From Wikipedia, the free encyclopedia

"Jesus Is Just Alright"
Song by The Art Reynolds Singers
from the album Tellin' It Like It Is
Songwriter(s)Arthur Reid Reynolds
Producer(s)Gary Paxton

"Jesus Is Just Alright" is a gospel song written by Arthur Reid Reynolds and first recorded by Reynolds' own group, The Art Reynolds Singers, on their 1966 album, Tellin' It Like It Is.[1][2]

The song's title makes use of the American slang term "all-right", which during the 1960s was used to describe something that was considered 'cool' or very good.
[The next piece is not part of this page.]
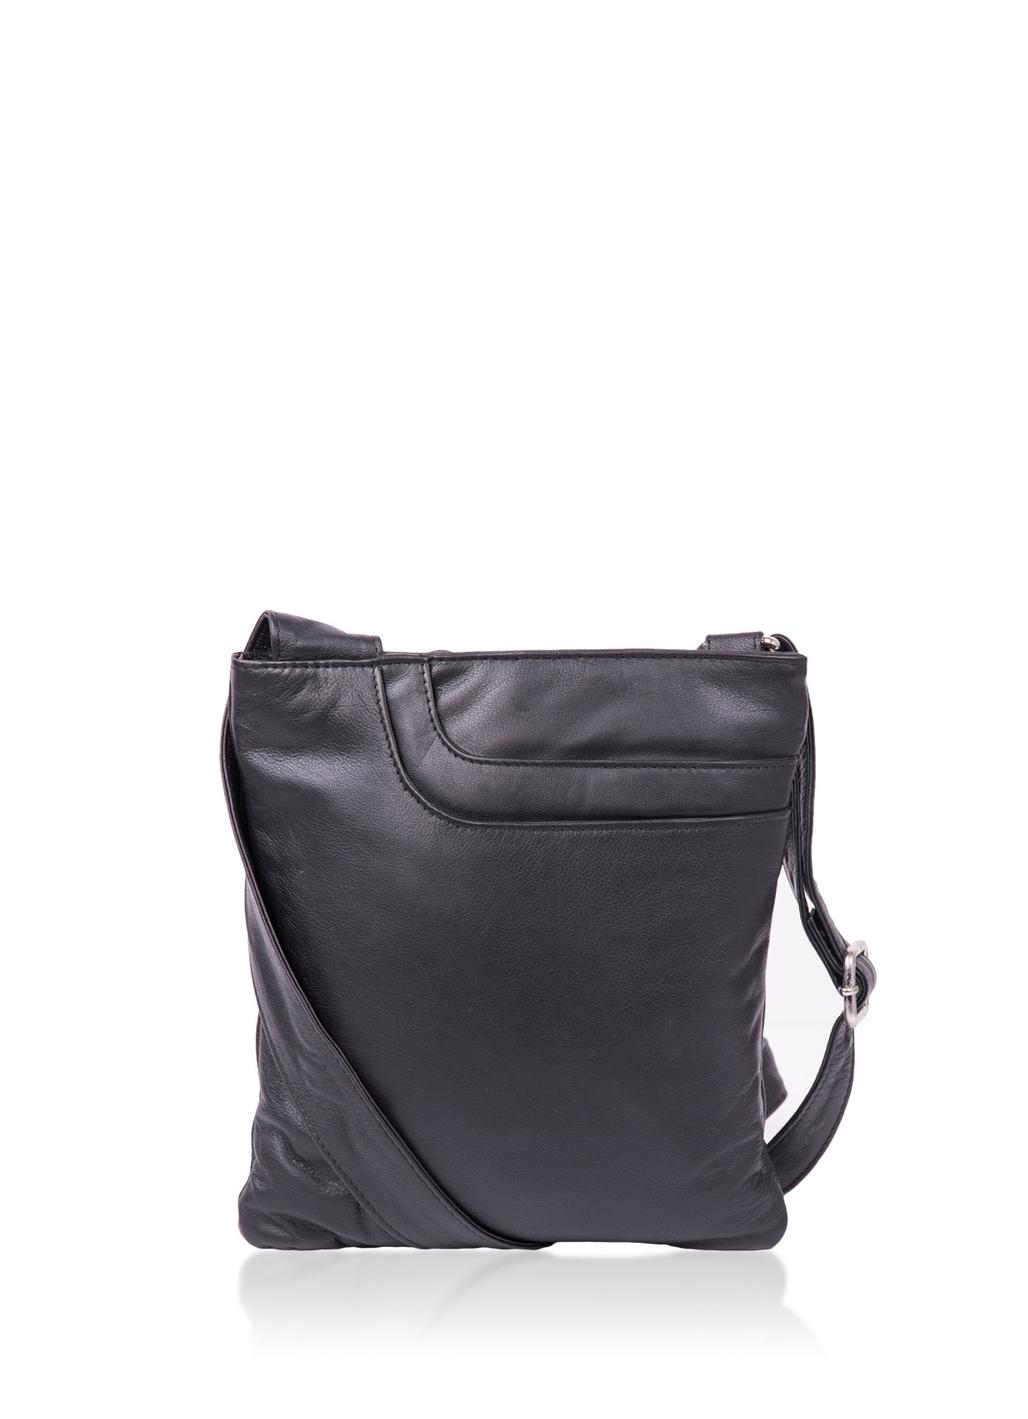 Alexsis Leather Cross Body Bag in Black -

The song has been covered by a number of bands and artists over the years, including the Byrds, Underground Sunshine, the Doobie Brothers, Alexis Korner, the Ventures, DC Talk, Stryper, Shelagh McDonald, and Robert Randolph (featuring Eric Clapton).[3]

The first cover version of the song was recorded by the Los Angeles band the Byrds on their 1969 album, Ballad of Easy Rider.[4] The song was later recorded by The Doobie Brothers, who included it on their 1972 album, Toulouse Street.[5] The Doobie Brothers' version of the song was released as a single in November 1972 and it became a hit in the United States, peaking at No. 35 on the Billboard Hot 100.[6] In 1973, American rock band Exile released their self titled debut album which included a cover.[7] In 1992, the Christian rock and hip hop group DC Talk released a version of "Jesus Is Just Alright" on their Free at Last album.[8] The song has also been covered by Robert Randolph on his Colorblind album, with guest artist Eric Clapton[9] and Stryper's 2013 release, No More Hell to Pay.[10]

The Byrds' version

"Jesus Is Just Alright"
1969 Dutch picture sleeve
Single by The Byrds
from the album Ballad of Easy Rider
B-side"It's All Over Now, Baby Blue"
ReleasedDecember 15, 1969
RecordedJune 17, 1969
StudioColumbia Studios, Hollywood, CA
Songwriter(s)Arthur Reid Reynolds
Producer(s)Terry Melcher
The Byrds singles chronology
"Ballad of Easy Rider"
"Jesus Is Just Alright"
"Chestnut Mare"

The Byrds' version of "Jesus Is Just Alright" was recorded on June 17, 1969 during the sessions for the band's eighth studio album, Ballad of Easy Rider.[11] It was first released as part of that album but was subsequently issued as a single on December 15, 1969.[12] The single stalled at No. 97 on the Billboard Hot 100 and failed to chart in the United Kingdom.[13][14] Despite this lack of commercial success, the Doobie Brothers' later hit version of the song featured an arrangement that was heavily influenced by the Byrds' own recording.[4]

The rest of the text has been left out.